Podcast, VCast, Telegram, TikTok, Flipboard, social: come usare tutte le porte d’ingresso del Franti senza perdersi. Una guida scritta da una domanda vera.

Lettere al Redattore del “Franti”


Una guida per chi si è perso (e per chi non sa ancora di esserlo)


abstract

Questo testo funge da guida strategica per navigare nel complesso ecosistema multimedialede “Il Franti”, spiegando come i diversi contenuti siano interconnessi. L’autore chiarisce che i vari formati, come podcast brevi, video VCast e infografiche, non sono semplici riassunti, ma punti d’accesso differenziati pensati per vari livelli di approfondimento. La struttura editoriale si estende oltre il sito web, integrando piattaforme come Telegram, TikTok e Flipboard per adattarsi alle abitudini specifiche di ogni utente. Viene inoltre sottolineata l’importanza delle immagini e dell’ottimizzazione SEO come strumenti per arricchire l’esperienza o facilitare la scoperta casuale dei temi trattati. In definitiva, il documento invita il lettore a scegliere la propria “porta d’ingresso” ideale in base al tempo disponibile e alla modalità di fruizione preferita

Un amico lettore ci scrive:

«Ennio, HEEELPPPP.
Ho davanti un dossier con allegati audio e video e non capisco la logica: un audio di 2:09, poi un video di 2:21, poi un video da 5:44 (intitolato “Da Rodi a Roma: Due Secoli”), poi un audio da 16:15. Scorrendo la pagina non riesco a capire a cosa si riferiscano. Mi dirai: ascoltali. Ma questi contenuti non dovrebbero essere il riassunto per chi non vuole leggere tutto il testo? I primi due sono troppo brevi per farlo, gli altri sono riassunti o complementi? Perdona, ma non comprendo
»

Intanto, grazie. Sei fra i pochi — anche tra noi — che ascoltano o guardano i cast, video o post che siano.
La tua domanda, però, merita una risposta più larga. Perché se ti sei perso tu, che sei un lettore attento, probabilmente non sei solo. E allora proviamo a disegnare la mappa del territorio.

La logica (che logica non è, ma funziona)

Il Franti non è una rivista con un formato. È un ecosistema.
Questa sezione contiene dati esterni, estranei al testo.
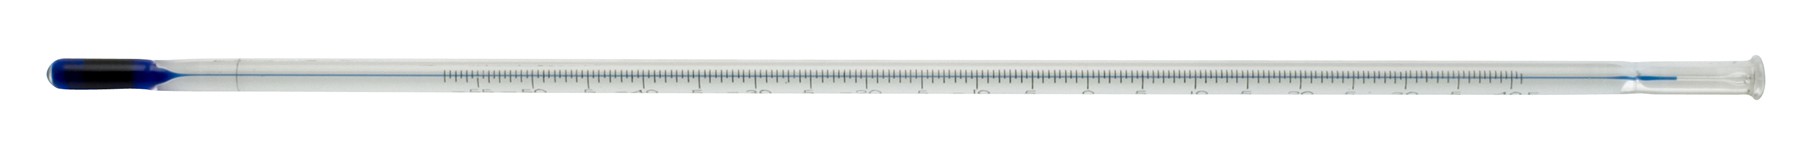 H-B DURAC Plus ASTM Like Liquid-In-Glass Thermometer; 1F / Partial Immersion 76mm, 0 to 302F, Organic Liquid Fill

Come tutti gli ecosistemi, ha più livelli, più habitat, più specie. Puoi viverci come turista di passaggio o come abitante stabile. Puoi entrare da una porta e non sapere che ne esistono altre cinque. Nessuna è quella “giusta”: dipende da dove ti trovi e da quanto tempo hai.
Una precisazione necessaria prima di cominciare: questa architettura di fruizione non riguarda tutti gli articoli del Franti, ma per ora quasi esclusivamente quelli firmati da Ennio Martignago. Gli altri autori seguono i propri ritmi e formati. Con il tempo, vedremo se qualcuno vorrà adottare una strategia simile. Nessuna imposizione: ogni voce trova la sua forma.

Le porte d’ingresso

Sul sito web — ilfranti.it

È la casa madre. Alcuni articoli — non tutti — possono contenere, oltre al testo:

  • L’abstract iniziale (quello di cui pochi si sono accorti): offre un riassunto testuale molto essenziale e rapido del contenuto dell’articolo esteso. Certo, bisogna accorgersi di quel triangolino da cliccare per fare scendere il testo. Provaci qui sopra così ti ricordi per la prossima volta.
  • Audio brevi (podcast): nella maggior parte dei casi recenti, aprono l’articolo. Non sono riassunti: sono assaggi. Funzionano come il profumo di un piatto: ti dicono se vale la pena sedersi a tavola. Sono pensati per essere ascoltati facilmente, anche in mobilità, e li trovi raccolti anche nel canale Telegram Franti Podcast. Se l’argomento ti prende, resti. Se no, hai perso tre minuti e non venti.
  • Audio lunghi: esistono, ma con una funzione diversa. Entrano in campo quando aggiungono uno stile di spiegazione che il testo scritto non restituisce allo stesso modo — un ritmo diverso, un’angolazione complementare, un modo di guardare la stessa cosa da un’altra finestra. Non sostituiscono la lettura: la affiancano, per chi vuole andare più in profondità.
  • VCast (video): vale la stessa logica degli audio lunghi. A volte è una teatralizzazione di passaggi scelti dal testo — non una sintesi, ma una selezione ragionata. A volte è un contenuto che aggiunge, non ripete. Lo stesso strumento (NotebookLM) genera un audio diverso dal video a partire dallo stesso testo: non è un errore, è la natura dello strumento.
  • Slide e presentazioni: quando ci sono — e non sempre ci sono — seguono la stessa filosofia dei formati lunghi: non duplicano, integrano. Utili per chi pensa visivamente o vuole fissare i concetti chiave in forma schematica.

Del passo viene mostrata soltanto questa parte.